#### RECORDED INFORMATION

--------------------------------

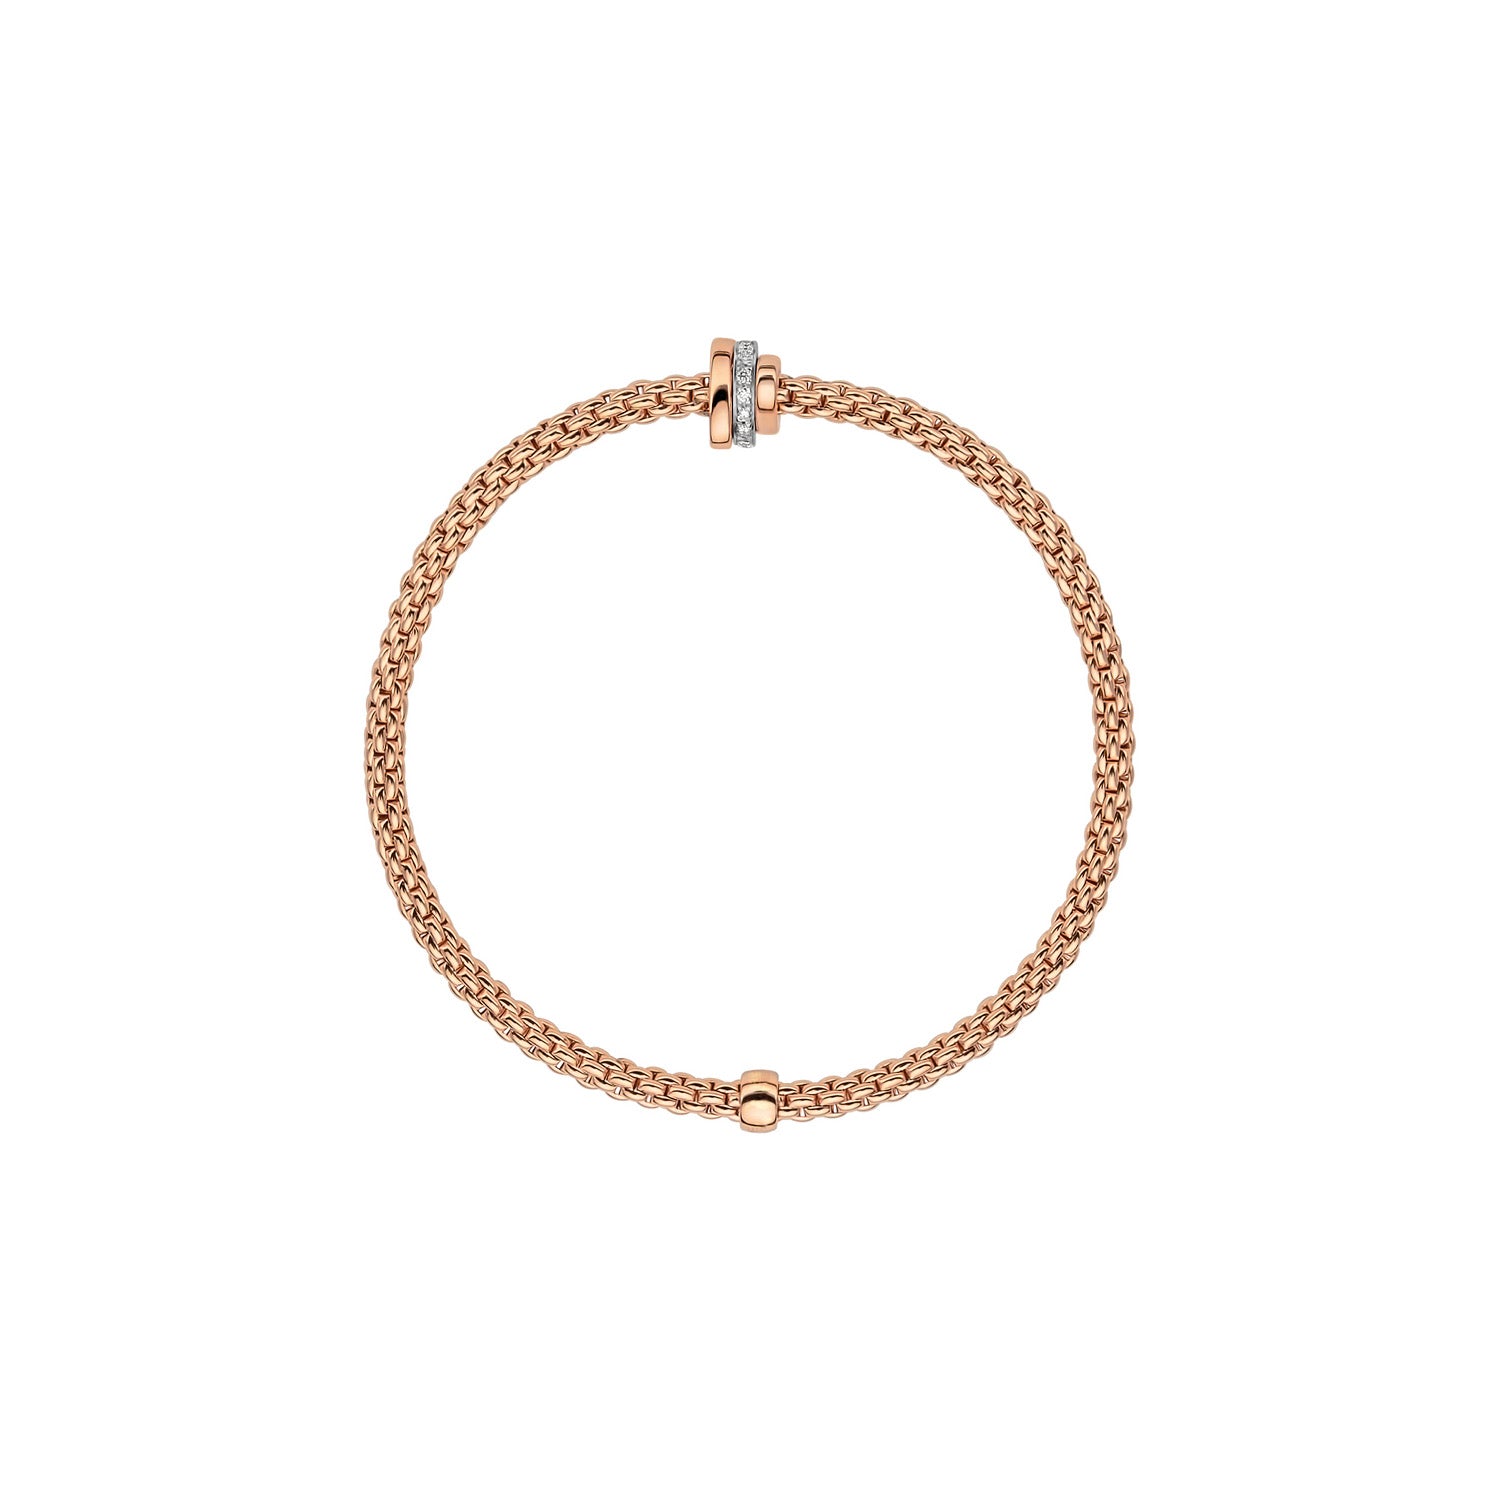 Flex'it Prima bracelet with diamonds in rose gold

--------------------------------

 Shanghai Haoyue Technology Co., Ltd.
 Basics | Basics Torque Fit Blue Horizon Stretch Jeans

--------------------------------

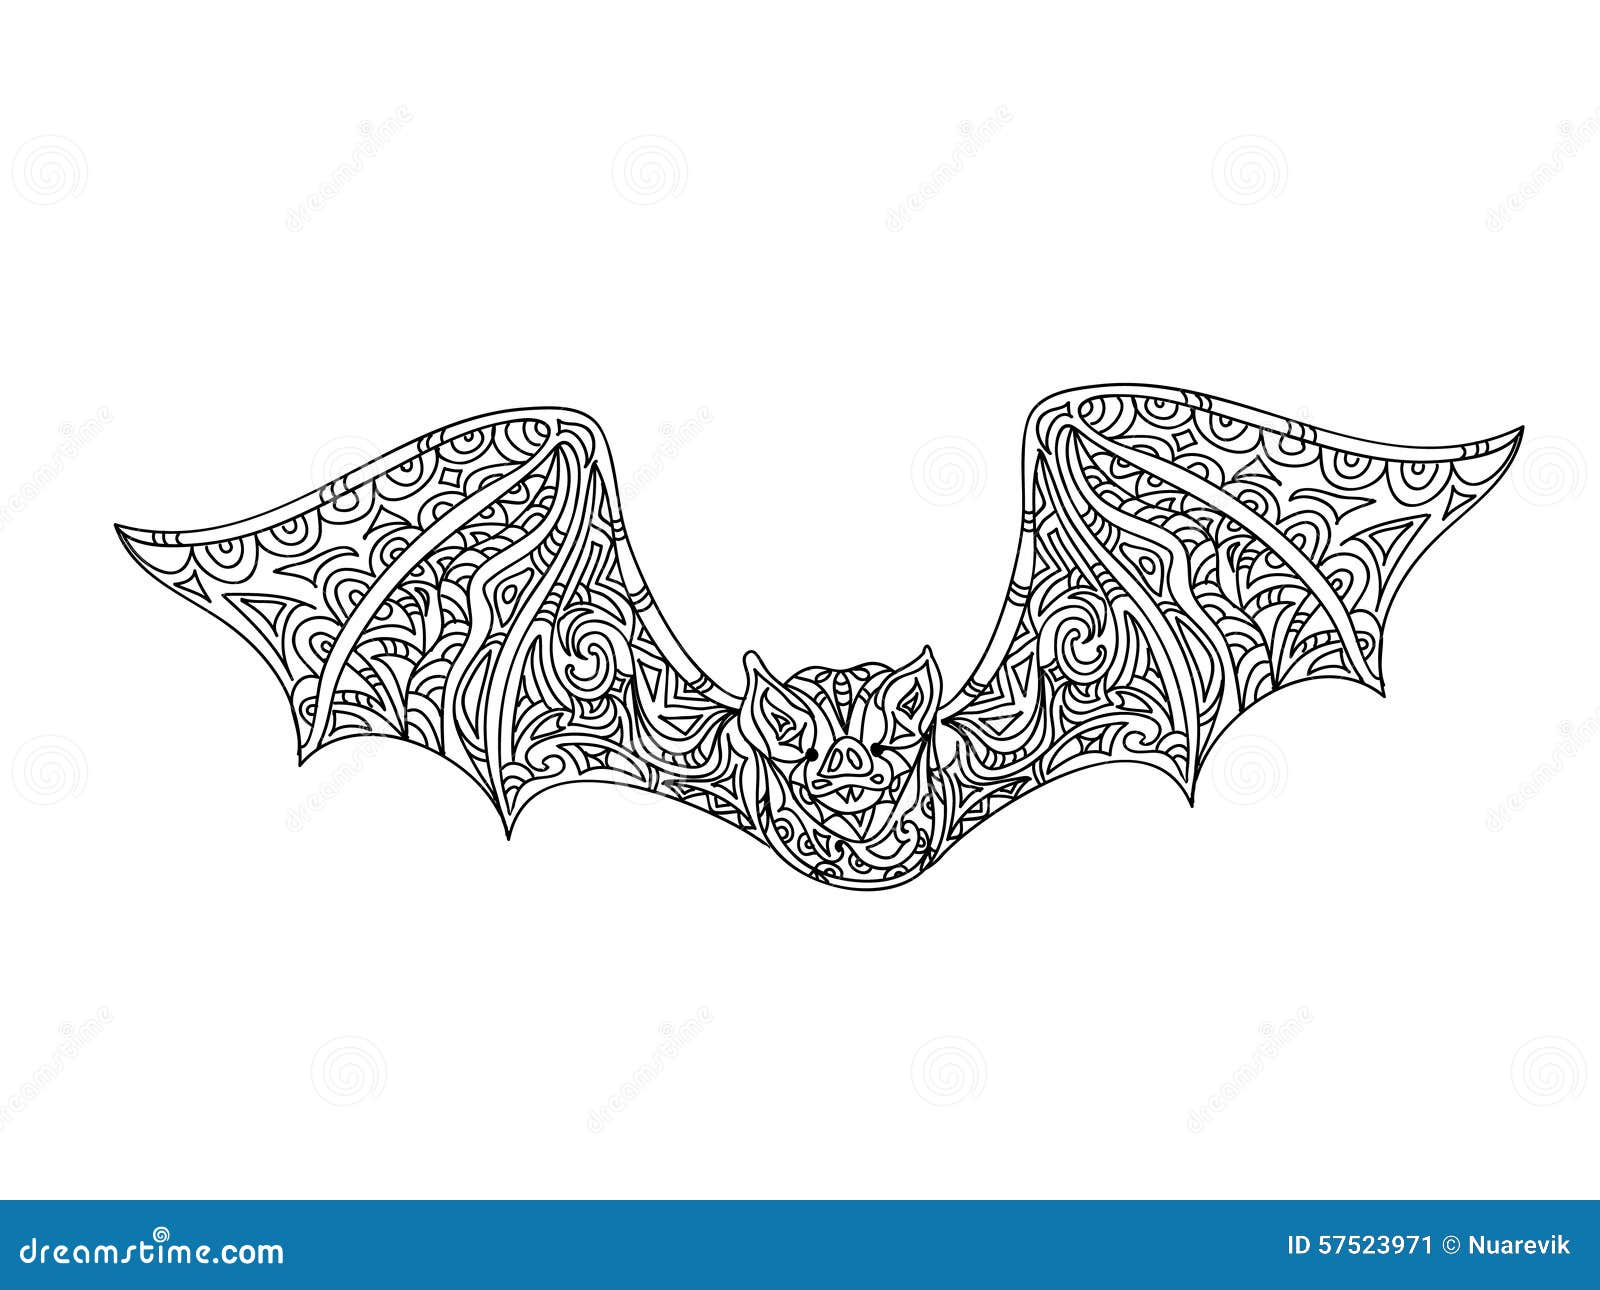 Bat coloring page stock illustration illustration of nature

--------------------------------

#### WHAT IS EXPECTED
Using the data above, print exactly the lines from the line that contains "Shanghai Haoyue Technology Co., Ltd." through the line that contains "Basics | Basics", with both included.

#### EXERCISE OUTPUT
 Shanghai Haoyue Technology Co., Ltd.
 Basics | Basics Torque Fit Blue Horizon Stretch Jeans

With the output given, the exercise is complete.